Estonian Foreign Ministry called the Russian ambassador to the carpet after Putin’s statements about Narva
Russia is trying to use propaganda in addition to the army to further its imperialist ambitions, including by falsifying history, Estonian diplomats said.
The Estonian Ministry of Foreign Affairs summoned the Ambassador of the Russian Federation to the country, Vladimir Lipaev, to express dissatisfaction with President Vladimir Putin’s recent speech. On Friday, June 10, tells Postman.
We are talking about the statement of Russian President Vladimir Putin, in which he drew parallels between the era of Tsar Peter I and modern Russia, which “fell to return and strengthen.”
According to Foreign Ministry vice-chancellor Rein Tammsaar, who met with the Russian ambassador, what Putin said, including about the Estonian city of Narva, is deplorable.
“In conditions when Russia is pursuing its revanchist policy under the sauce of the ideology of the” Russian world “through the destruction of Ukrainian statehood and the nation, this is completely unacceptable,” he said.
Tammsaar also reminded the ambassador of the idea of the State Duma of the Russian Federation to revoke the recognition of Lithuania’s independence and threats to “denazify” and “demilitarize” other states.
The Foreign Ministry is sure that Russia is trying to use propaganda along with military force to realize imperial ambitions. For this, history is falsified in the Russian Federation.
“Such an approach inevitably fails and could be dangerous for Russia itself,” Tammsar said.
“Once again we call on Russia to immediately withdraw its troops from Ukraine, stop hostilities and respect the sovereignty and territorial integrity of Ukraine within internationally recognized borders,” he added.
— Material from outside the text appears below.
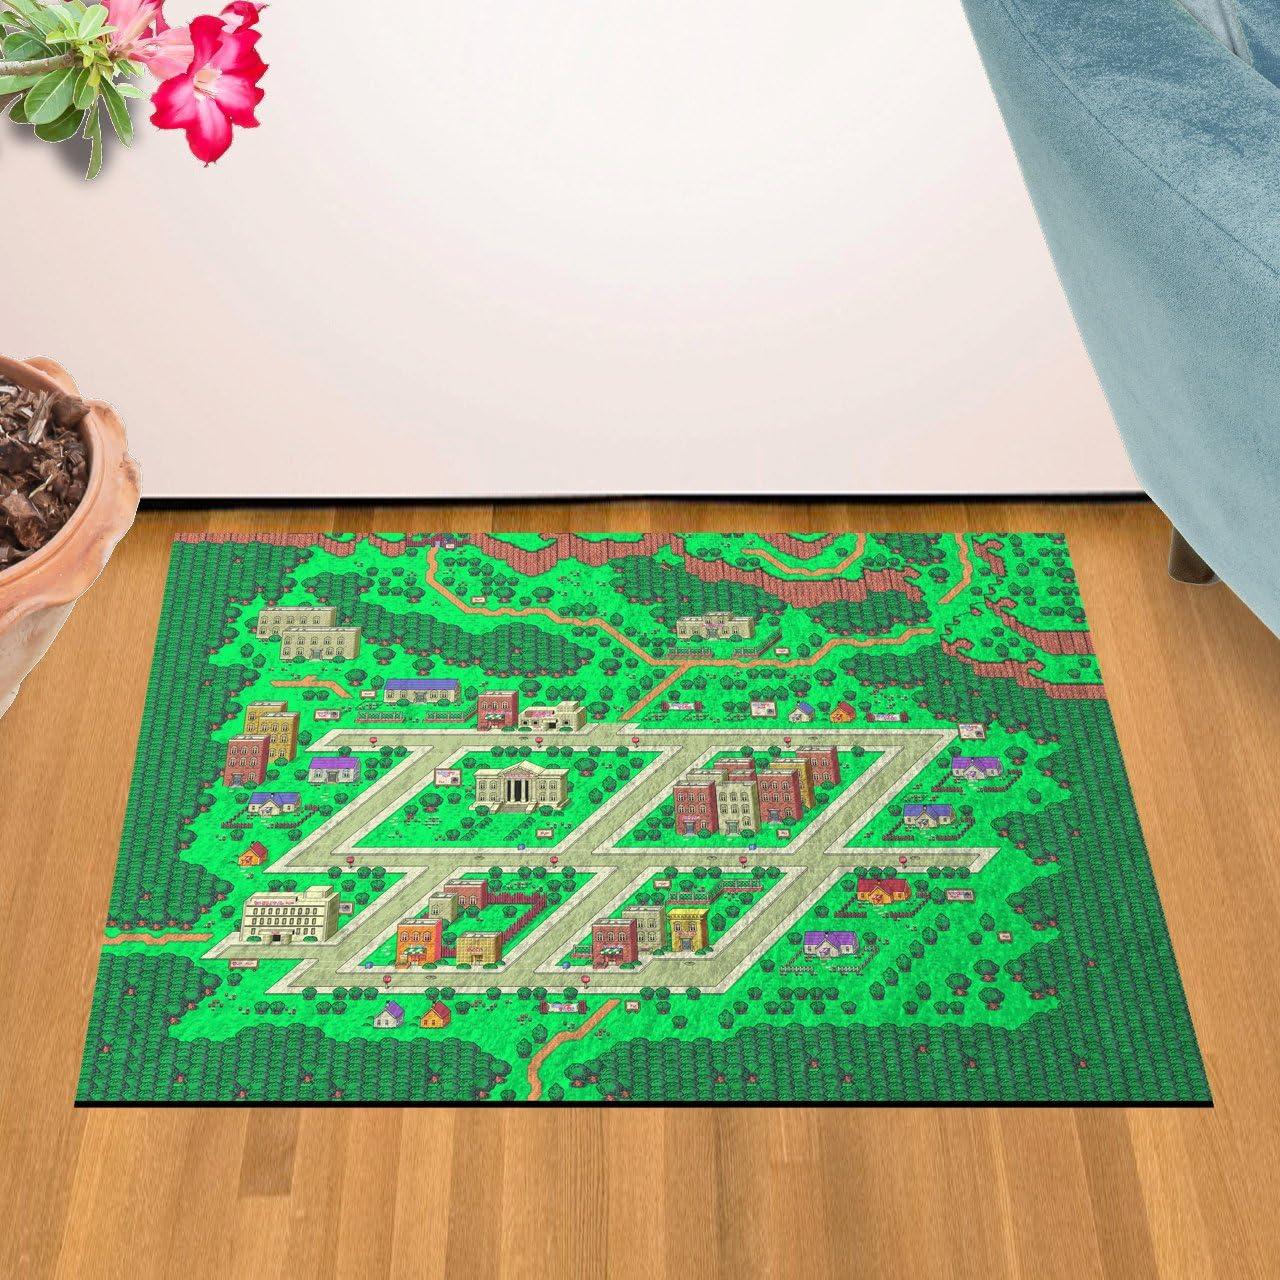 GG Promo Earthbound, Onett Map Doormat Welcome Floormat 24 x 36

Russian President Vladimir Putin, on the 350th anniversary of the founder of the Russian Empire, Peter I, drew a parallel between the conquests of the Russian tsar and the Russian invasion of Ukraine, including Narva.
In particular, Putin said that Peter I went to Narva “returning it to Russia.”
“It’s the same in the western direction. This applies to Narva, his first campaign. Why did he climb there? Returned. And strengthened. , writes Eerr.ee.
Near Narva in 1700, at the very beginning of the Northern War, the Russian army suffered a serious defeat from the Swedes. However, a few years later the fortress was taken, and as a result of the war, Narva and the entire territory of modern Estonia came under the control of the Russian Empire.
In Estonia, they fear that the so-called ideology of the “Russian world” can be extended to it as a country that was part of the Russian Empire, and then the USSR.
Earlier, Estonian Prime Minister Kaja Kallas said there was no point in talking to Putin if Western countries really want him to understand that he is in isolation.